Cs in high oxidation states and as a p-block element

TL;DR

This study reveals that cesium can attain high oxidation states up to +5 under high pressure by sharing its 5p electrons with fluorine, challenging traditional views of alkali metal chemistry.

Contribution

First demonstration that cesium can be oxidized to high states under pressure by sharing inner shell electrons, expanding understanding of alkali metal chemistry.

Findings

Cesium forms stable Cs2+ and Cs3+ compounds at lower pressures.

Under pressure, Cs shares 5p electrons, acting like a p-block element.
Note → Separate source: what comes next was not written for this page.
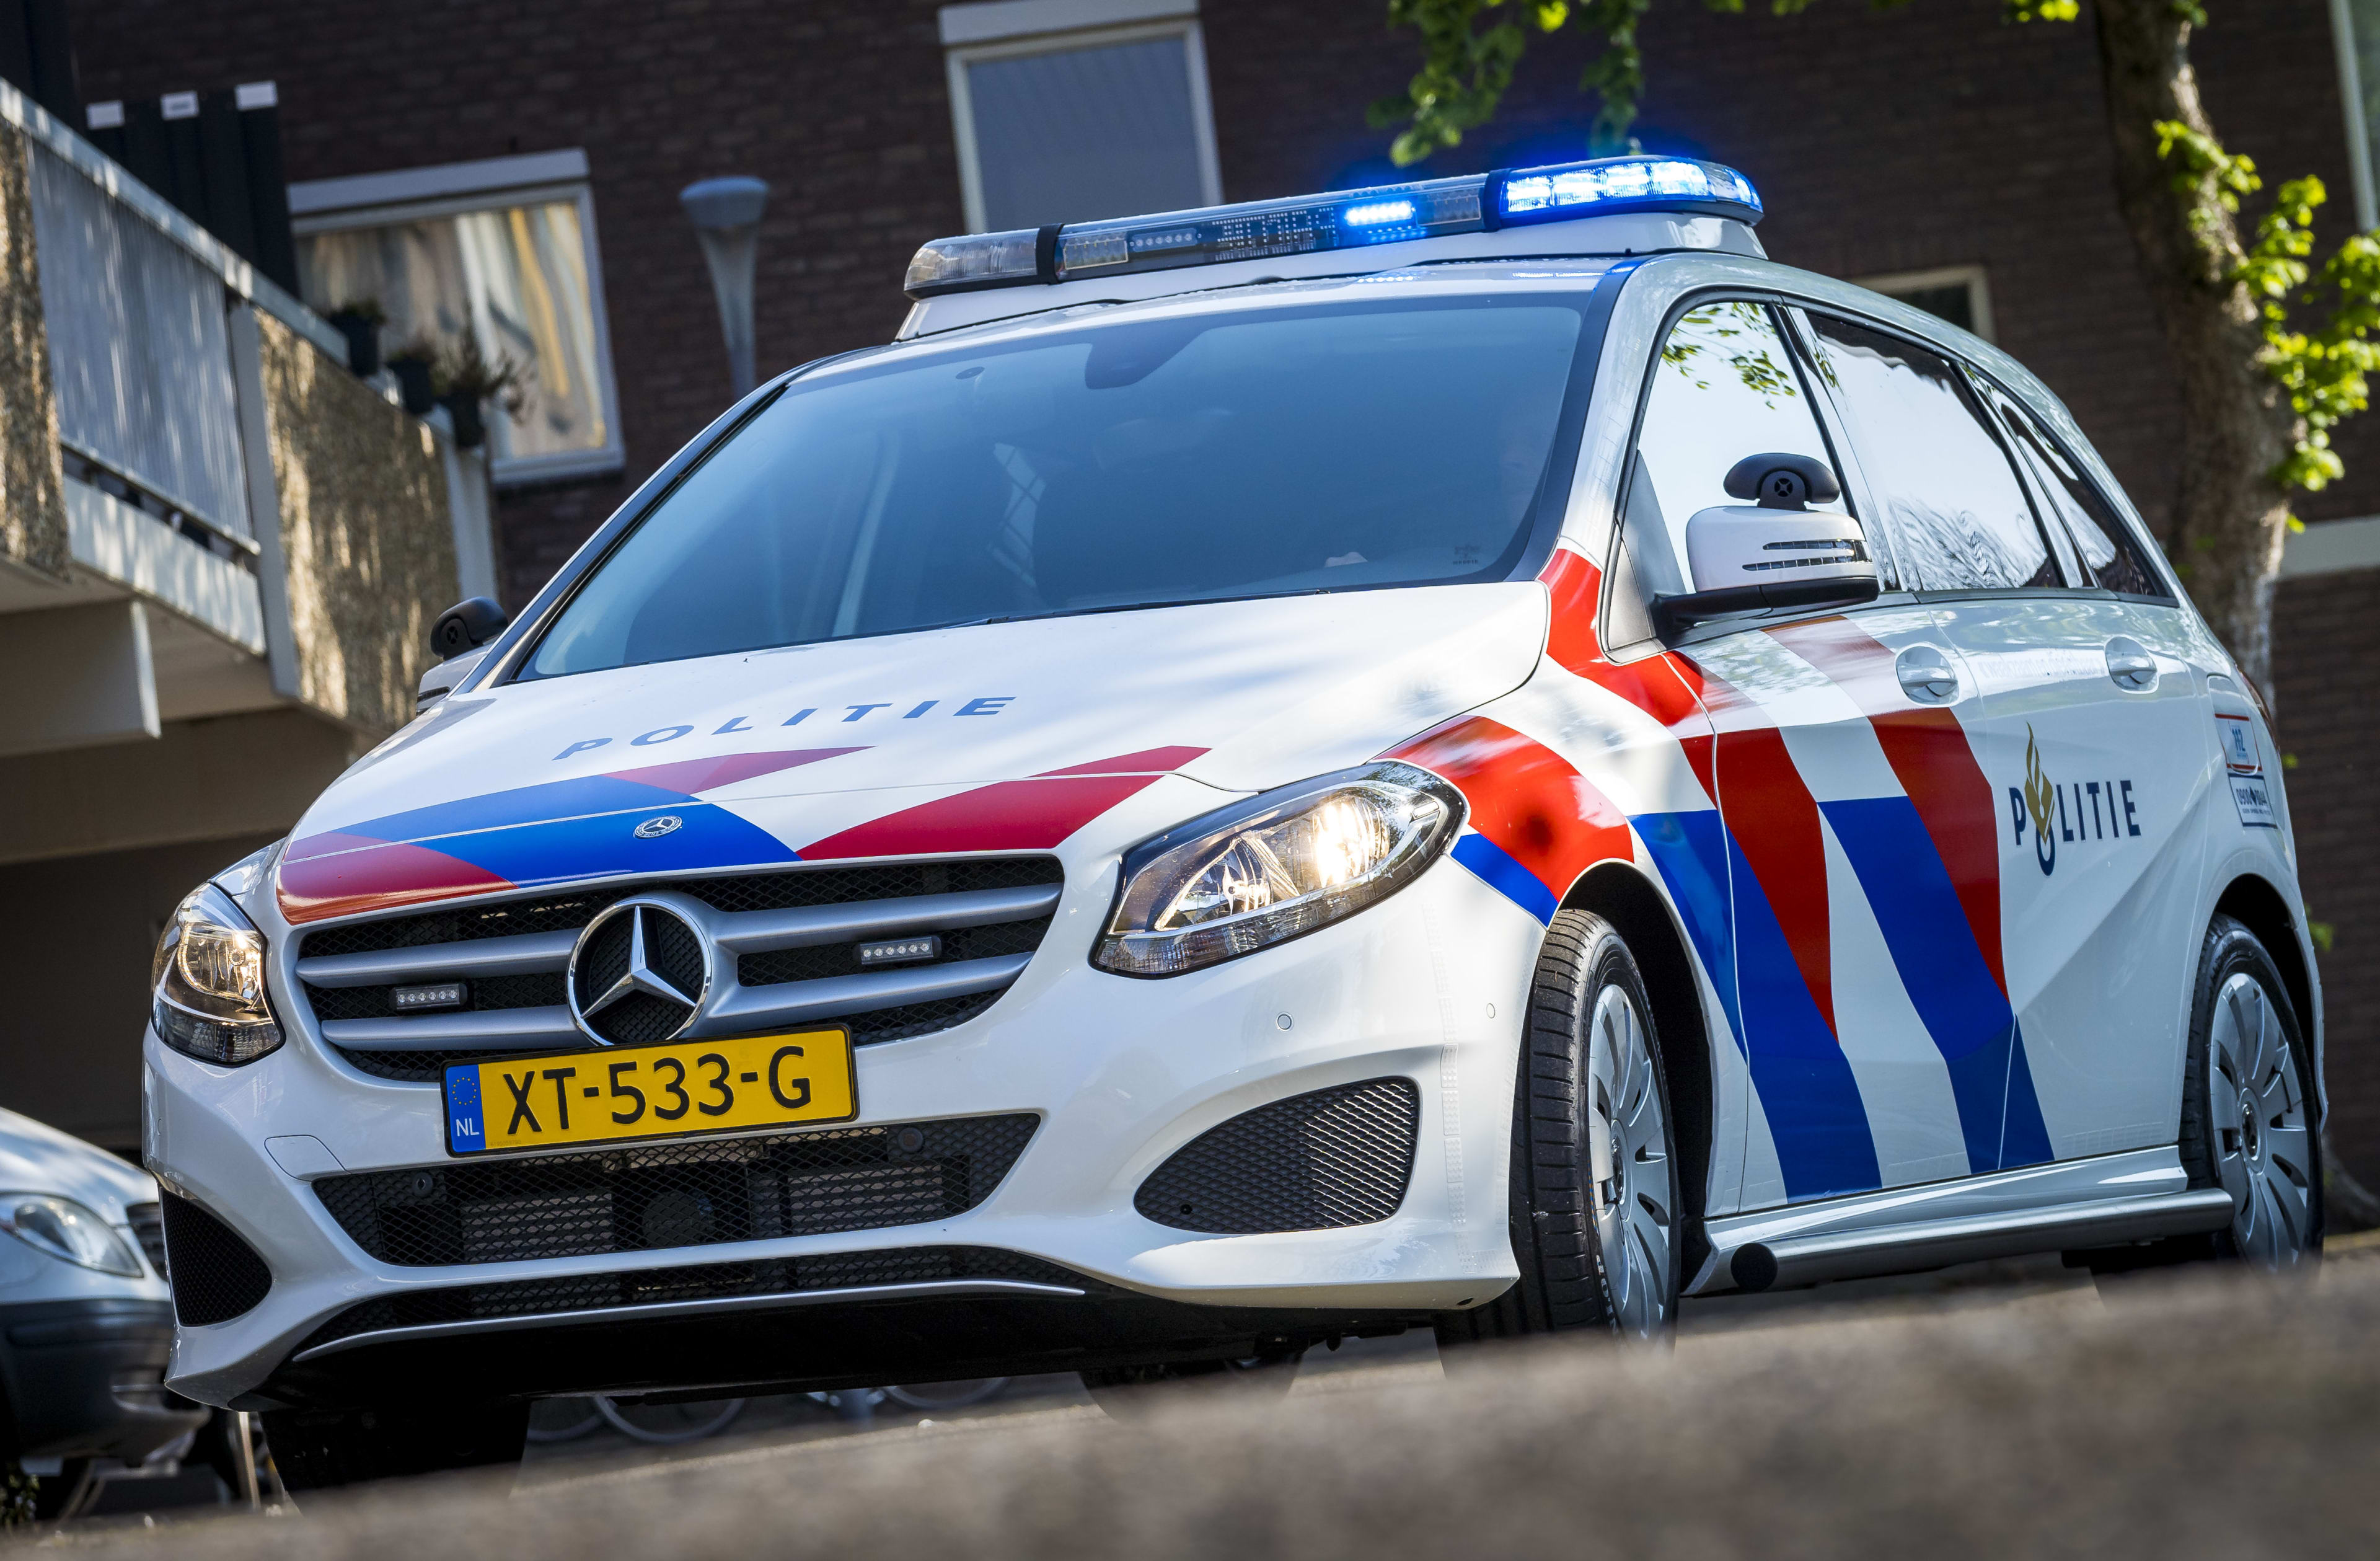 Automobilist (23) uit Heemstede rijdt met slok op frontaal op hoekpunt vangrails A9

High oxidation states of Cs up to +5 are possible with fluorine.

Abstract

The major chemical feature of an element is the number of electrons available for forming chemical bonds. A doctrine rooted in the atomic shell model states that the atoms will maintain a complete inner shell while interacting with other atoms. Therefore, group IA elements, for example, are invariably stable in the +1 charge state because the p electrons of their inner shells do not react with other chemical species. This general rule governs our understanding of the structures and reactions of matter and has never been challenged. In this work, we show for the first time that while mixing with fluorine under pressure, Cs atoms will share their 5p electrons and become oxidized to a higher charge state. The formal oxidation state can be as high as +5 within the pressure range of our study (<200 GPa) and stable Cs2+ and Cs3+ compounds can form at lower pressures. While sharing its 5p electrons, Cs behaves like a p-block element forming compounds with molecular, covalent, ionic and metallic features. Considering the pressure range required for the CsFn compounds, the inner shell electrons in other group IA and IIA elements may also bond with F or other chemical species under higher pressure.